If you would like to find the content of the @SomeAnnotation value, you can define your range like this:

  • start: @SomeAnnotation(

  • end )

But in this case you also need to exclude the content between the quotes (" .. "), in order to not match the end of the range with the :-) in the String.

String text = ""
        + "package tmp;\n"
        + " \n"
        + "@SomeAnnotation(arg1=\"value ;-)\", arg2=\"other value\")\n"
        + "public class SomeClass {\n"
        + "}\n";

SubstringFinder finder = SubstringFinder.define("@SomeAnnotation(", ")", "\"", "\"");
Optional<Range> findRange = finder.nextRange(text);
if (findRange.isPresent()) {
    Range range = findRange.get();
    String substring = text.substring(range.getRangeStart(), range.getRangeEnd());
    assertEquals("@SomeAnnotation(arg1=\"value ;-)\", arg2=\"other value\")", substring);
}

String positions outside a range

First example

In following text, you want to find the comma , outside ranges defined by single quote ':

'Hello,world',5,true

The two correct matches are:

  • Between ' and 5

  • Between 5 and t

The first comma should be ignored because it is between ' and '.

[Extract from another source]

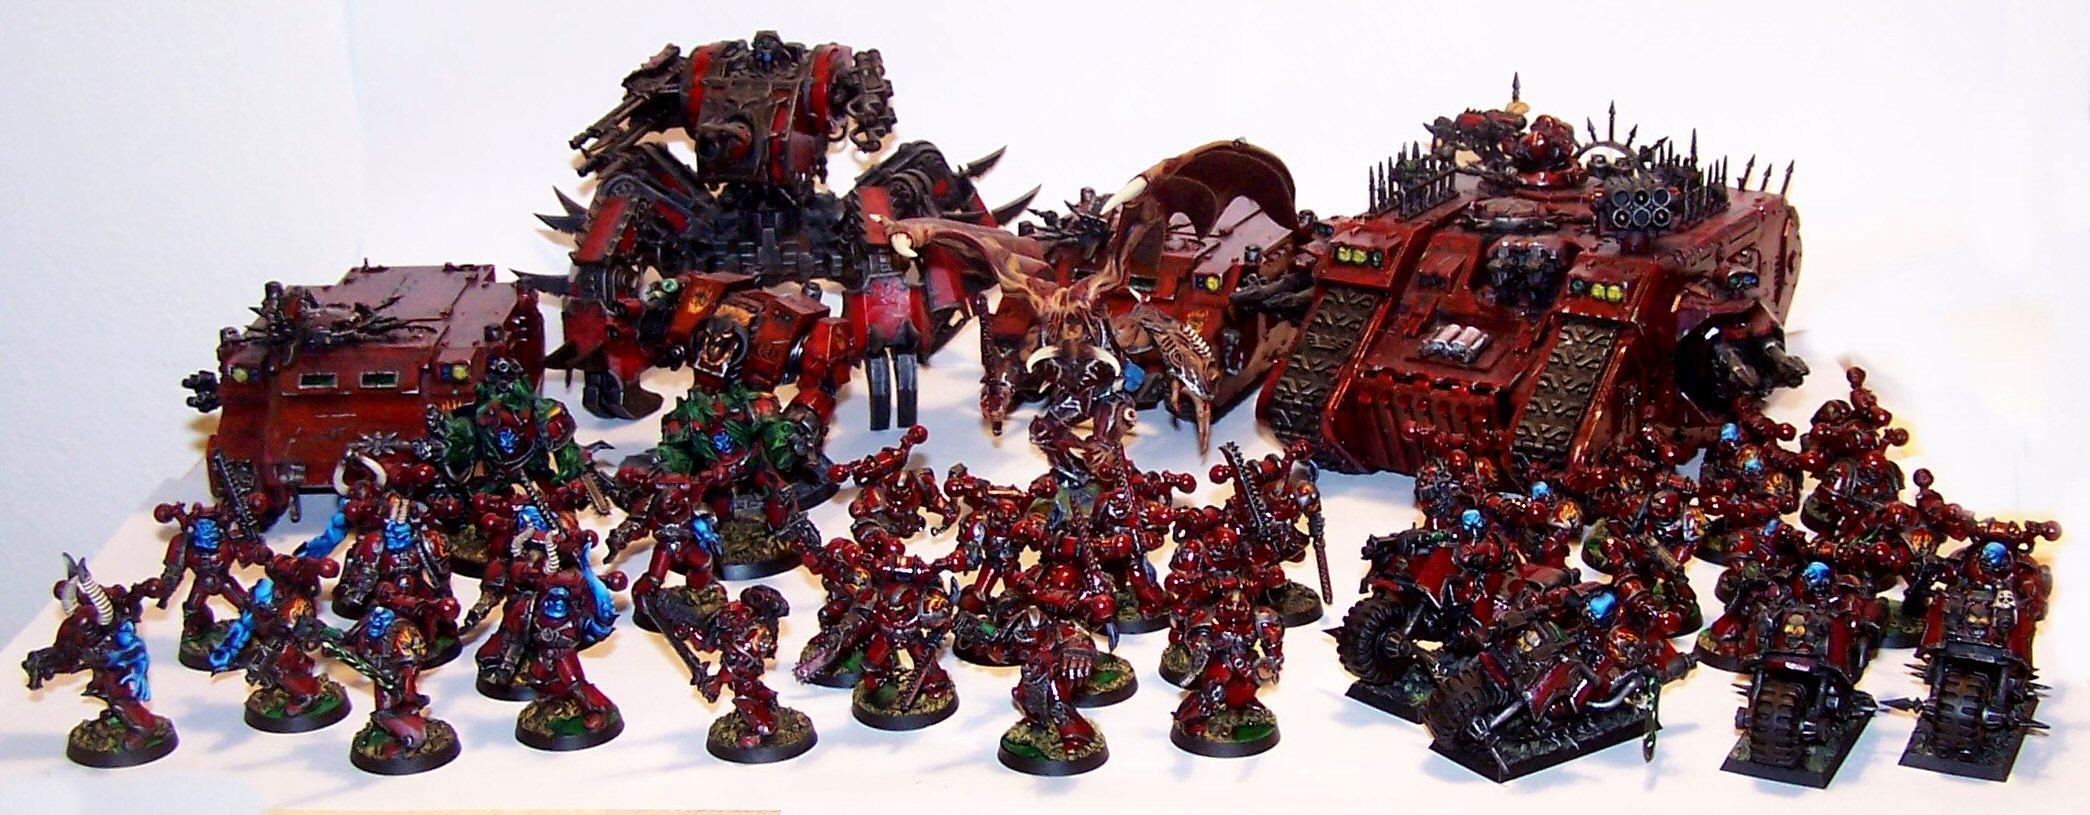 Chaos Space Marines, Warhammer 40,000, Word Bearers

Corresponding java code with PositionFinder:

String text = "'Hello,world',5,true";

PositionFinder finder = PositionFinder.define(",", "'", "'");
List<Integer> findPositions = finder.indexesOf(text);
assertEquals(2, findPositions.size(), "size");

assertEquals("'Hello,world'", text.substring(0, findPositions.get(0)));
assertEquals("5", text.substring(findPositions.get(0) + 1, findPositions.get(1)));
assertEquals("true", text.substring(findPositions.get(1) + 1));

Where PositionFinder corresponds to this imported class: fr.jmini.utils.substringfinder.PositionFinder.

Second example

Find the world video that is not inside < and >:

This video: <video width="320" height="240" controls>
  <source src="movie.mp4" type="video/mp4">
</video>

First position outside a range

Similar to the previous example, if you are only interested by the first position of the , outside ( and ):

lorem(Hello,world),ipsum

Corresponding java code with PositionFinder:

String text = "lorem(Hello,world),ipsum";

PositionFinder finder = PositionFinder.define(",", "(", ")");
Optional<Integer> findPosition = finder.indexOf(text);
assertEquals(true, findPosition.isPresent(), "isPresent");

assertEquals("lorem(Hello,world)", text.substring(0, findPosition.get()));
assertEquals("ipsum", text.substring(findPosition.get() + 1));

Where PositionFinder corresponds to this imported class: fr.jmini.utils.substringfinder.PositionFinder.

Download

Starting with version 1.0.1, the library is hosted on maven central.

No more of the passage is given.